应用化学 ›› 2020, Vol. 37 ›› Issue (3): 0-0.

• 封面图片 •    下一篇

三醋酸纤维素膜辐射可控接枝甲基丙烯酸缩水甘油酯及其性能

许晨曦,曹明汉,彭静(),李久强,翟茂林()   

  1. 北京大学化学与分子工程学院,高分子化学与物理教育部重点实验室,放射化学与辐射化学重点学科实验室,北京分子科学国家研究中心 北京 100871
  • 收稿日期:2019-10-23 出版日期:2020-03-01 发布日期:2020-07-09
  • 通讯作者: 彭静,翟茂林
  • 基金资助:
    国家自然科学基金委员会-中国工程物理研究院NSAF联合基金重点支持项目资助(No.U1430234)

Modification of Cellulose Triacetate Membranes with Glycidyl Methacrylate via γ-Ray Initiated Controlled Grafting

XU Chenxi,CAO Minghan,PENG Jing(),LI Jiuqiang,ZHAI Maolin()   

  1. Beijing National Laboratory for Molecular Sciences,Radiochemistry and Radiation Chemistry Key Laboratory of Fundamental Science,Key Laboratory of Polymer Chemistry and Physics of the Ministry of Education,College of Chemistry and Molecular Engineering,Peking University,Beijing 100871,China
  • Received:2019-10-23 Published:2020-03-01 Online:2020-07-09
  • Contact: PENG Jing,ZHAI Maolin
  • Supported by:
    Supported by the Joint Fund of the National Natural Science Foundation of China and China Academy of Engineering Physics(NSAF)(No.U1430234)

摘要:

三醋酸纤维素(CTA)是一种高强度的天然高分子衍生物,对其进行表面接枝改性将扩展其在物质分离、吸附、检测等领域的广泛应用,但是化学接枝改性CTA比较困难。 本文结合辐射引发接枝和可逆加成-断裂链转移(RAFT)聚合方法,成功地在CTA膜表面可控接枝了聚甲基丙烯酸缩水甘油酯(PGMA)。 研究了吸收剂量、单体GMA质量分数和RAFT试剂含量等因素对接枝率的影响,采用傅里叶变换红外光谱仪(FT-IR)、扫描电子显微镜(SEM)和接触角技术手段对CTA膜接枝前后的结构、形貌和表面性质进行了表征。 实验结果表明,为了得到较高的接枝率,同时又保持较好的形貌,合适的条件为:吸收剂量为10~12 kGy,GMA质量分数为30%,RAFT试剂与GMA的物质的量比为1:400;在不同条件下得到的最高接枝率为41%,接枝聚合物相对分子质量分布最低为1.33。 此外,接枝PGMA后的CTA膜疏水性增加。 该工作提供了可控接枝CTA的简便方法,与传统辐射接枝相比,RAFT辅助辐射接枝反应更加可控,得到的PGMA接枝链更加均匀,有利于根据实际应用来控制接枝率和进行后续的功能修饰。
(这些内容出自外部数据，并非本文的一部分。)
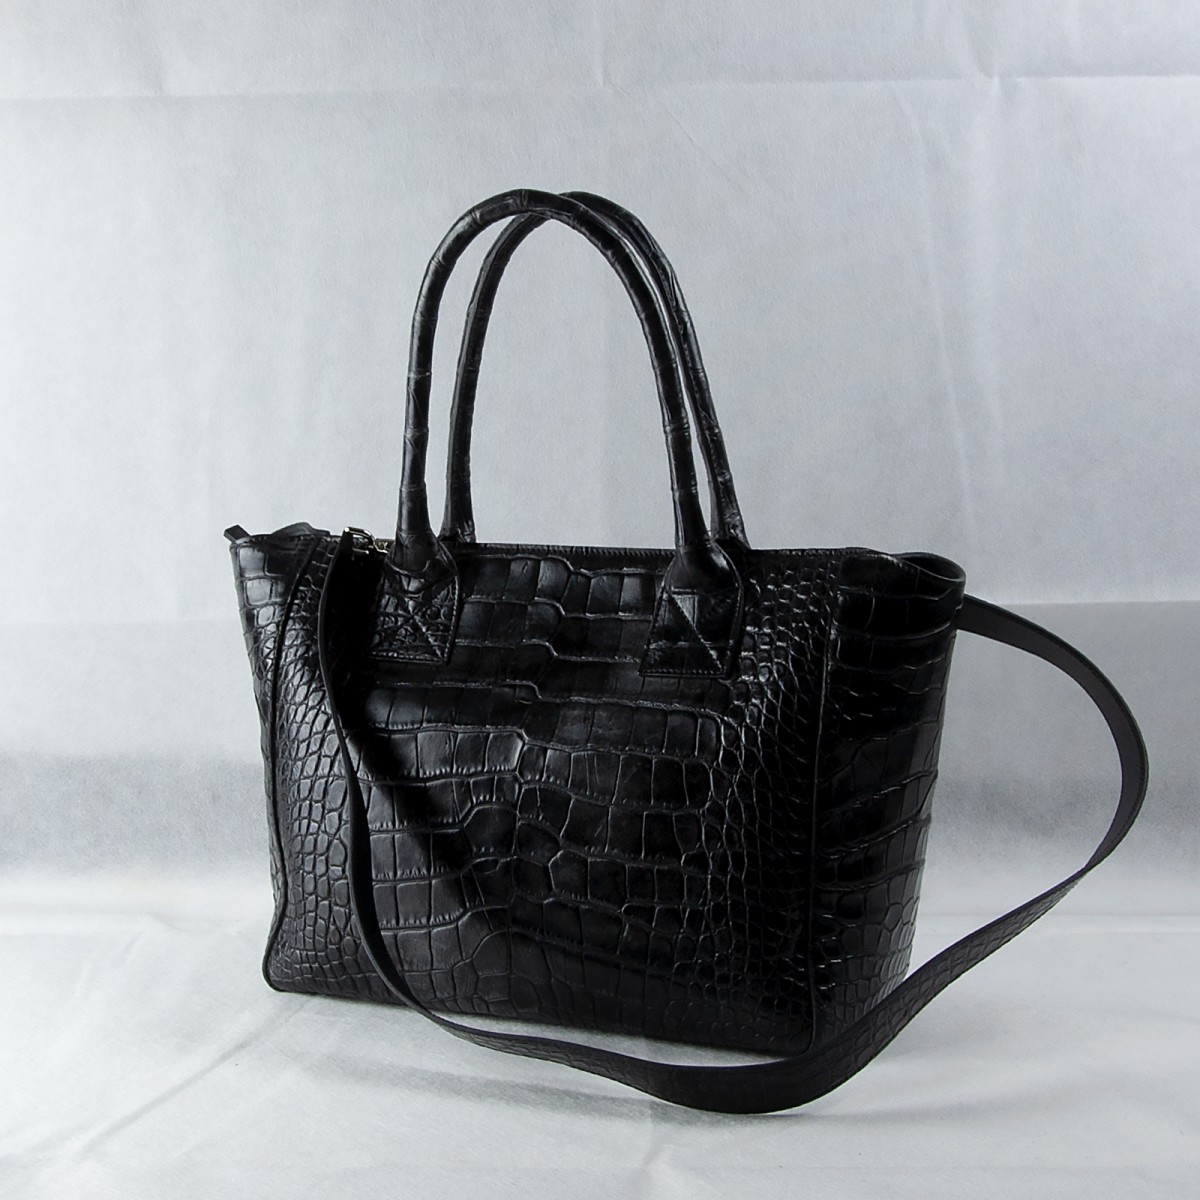 MARIA CROCODILE - Crocodile leather bag, handmade in Italy

关键词: 三醋酸纤维素, 辐射接枝, 可逆加成-断裂链转移

Abstract:

Cellulose triacetate (CTA) is a kind of cellulose derivatives with high strength, and the modified CTA can be applied in the separation, adsorption and sensors, however, it is difficult to modify it by chemical initiated grafting. In this article, CTA membranes were successfully modified with poly(glycidyl methacrylate) (PGMA) by the combination of radiation-initiated grafting and the reversible addition-fragmentation chain transfer (RAFT) polymerization method. Effects of absorbed dose, concentration of GMA and amount of RAFT agent on degree of grafting were studied. The structure, morphology and surface property of the CTA membranes before and after grafting were investigated by Flourier transform infrared spectrometer (FT-IR), scanning electronic microscopy (SEM) and contact angle test. The results show that, for a higher degree of grafting and better morphology, the optimal conditions could be found at absorbed dose of 10~12 kGy, with mass fraction 30% of GMA and molar ratio 1/400 of RAFT agent and GMA. The grafted CTA membrane with the highest degree of grafting (41%) and the narrow distribution of relative molecular mass (1.33) can be obtained under suitable conditions. After grafting, the hydrophobicity of CTA membranes increases. The work provides a simple method to prepare grafted CTA with controlled structures. Compared with traditional radiation-initiated grafting, the radiation-initiated RAFT reaction conditions are easier to be controlled in RAFT-mediated grafting process, and the grafted polymer chains are better-distributed, which benefits further functionalization and practical application of modified CTA membranes.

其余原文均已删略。